Information supplied START

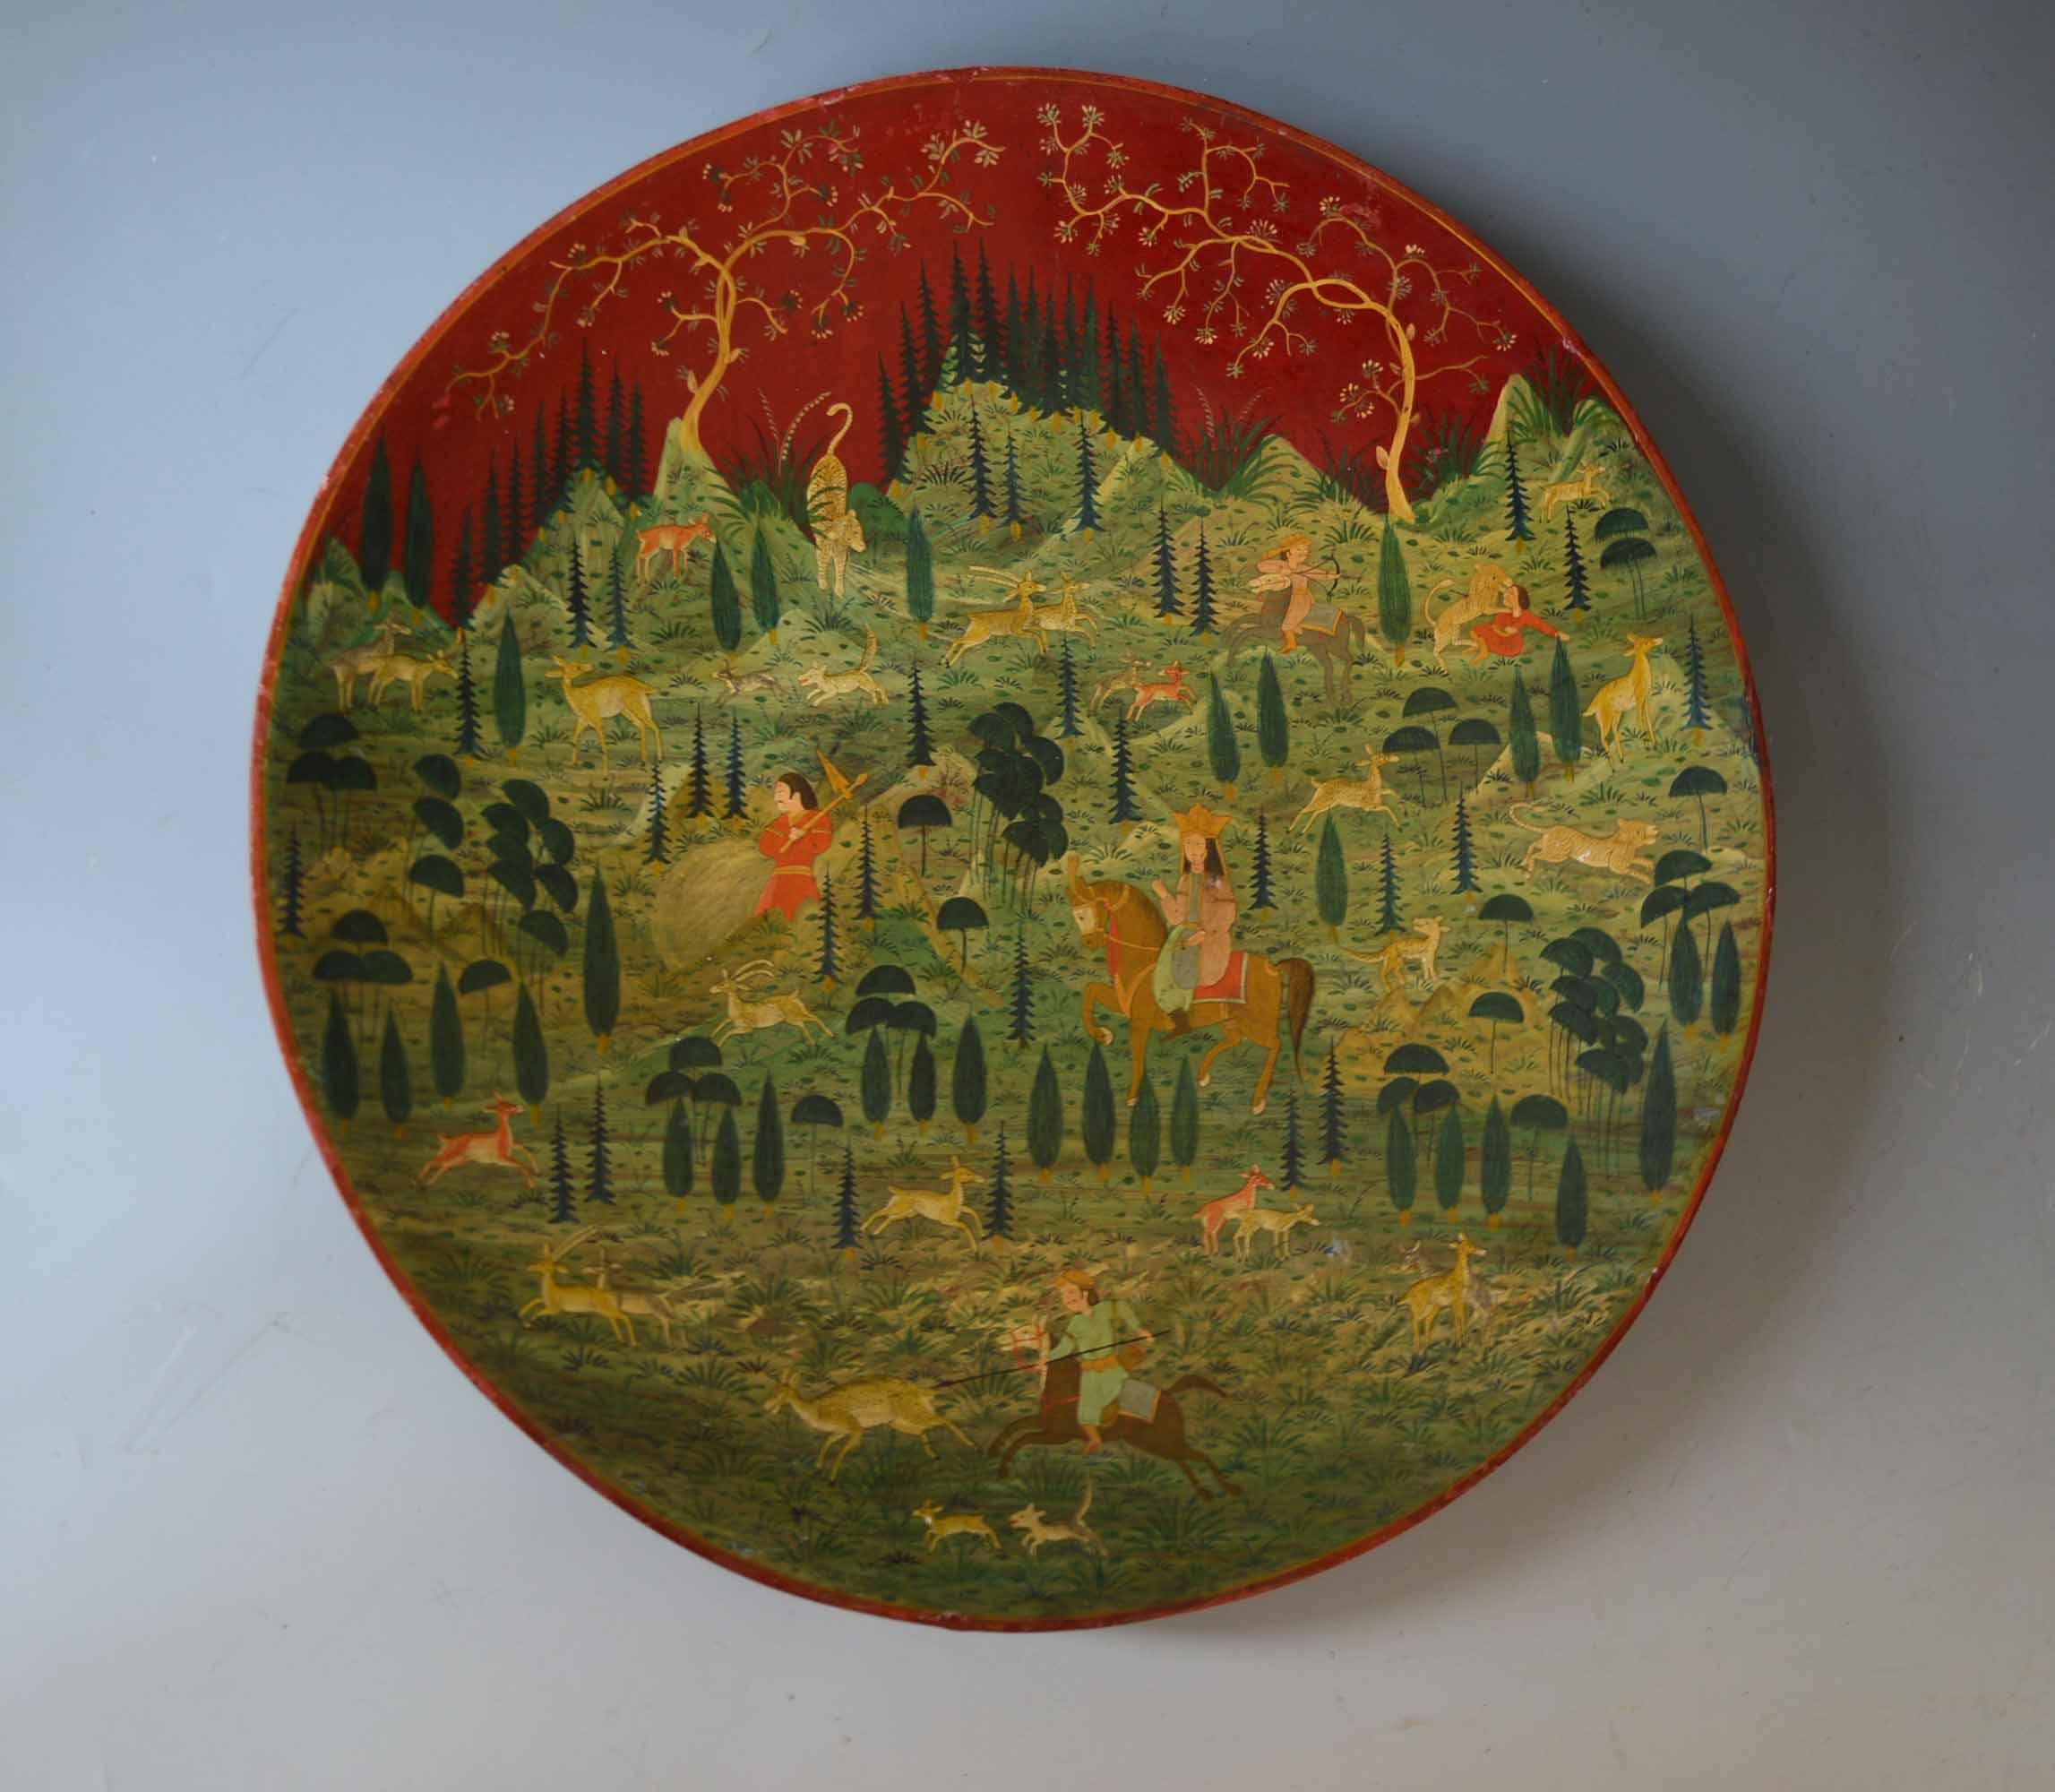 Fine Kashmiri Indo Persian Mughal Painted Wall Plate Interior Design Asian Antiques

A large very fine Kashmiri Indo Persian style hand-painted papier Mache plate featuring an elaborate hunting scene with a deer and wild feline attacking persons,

Information supplied END
Information supplied START

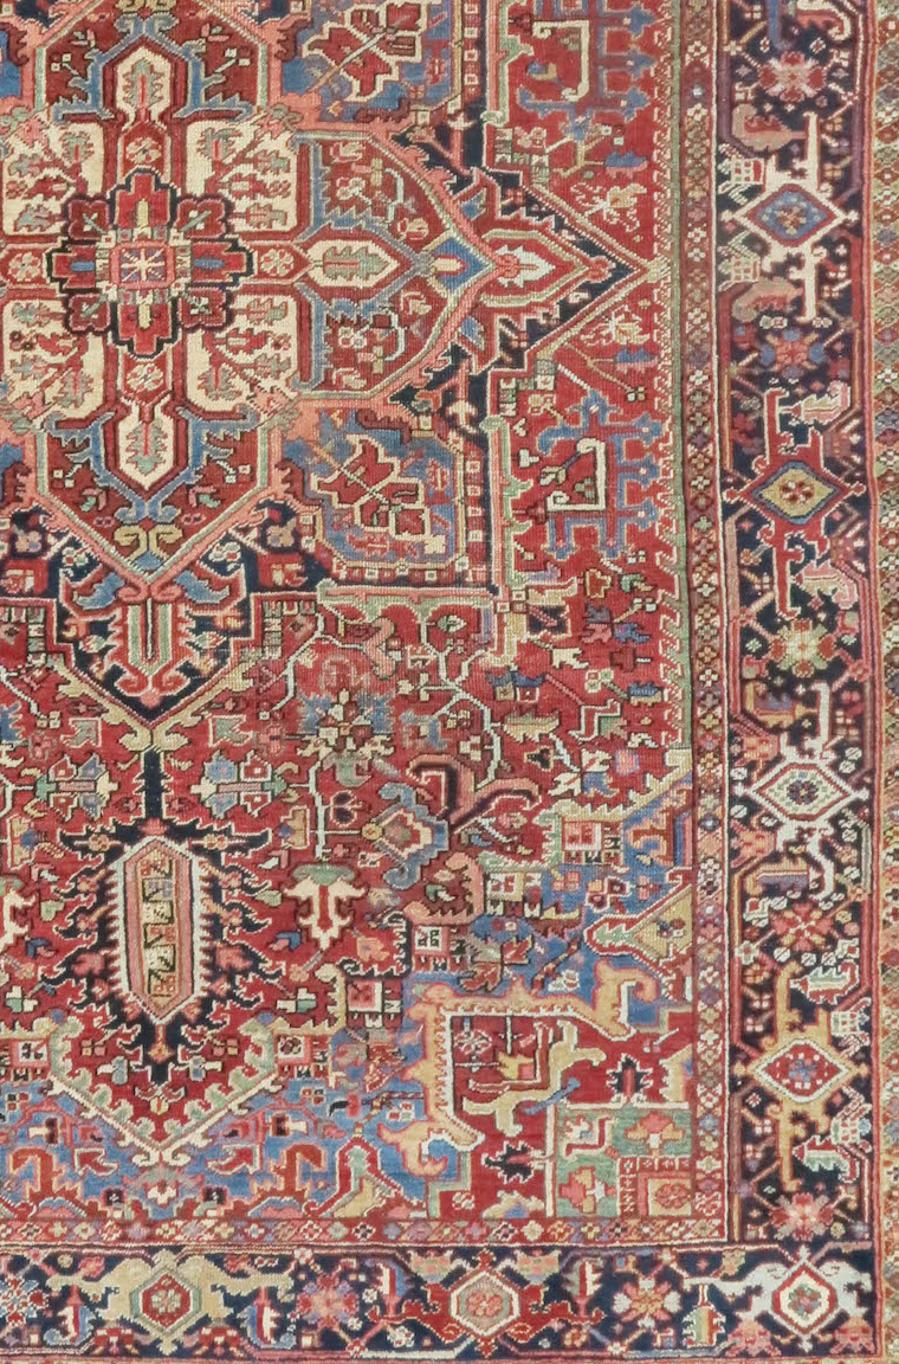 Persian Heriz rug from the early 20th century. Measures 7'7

Information supplied END

Exercise requirements » Restate word for word every line from the one with "Fine Kashmiri Indo Persian Mughal" up to and including the one with "A large very" in the records above, minus the pictures.

Reply »
 Fine Kashmiri Indo Persian Mughal Painted Wall Plate Interior Design Asian Antiques

A large very fine Kashmiri Indo Persian style hand-painted papier Mache plate featuring an elaborate hunting scene with a deer and wild feline attacking persons,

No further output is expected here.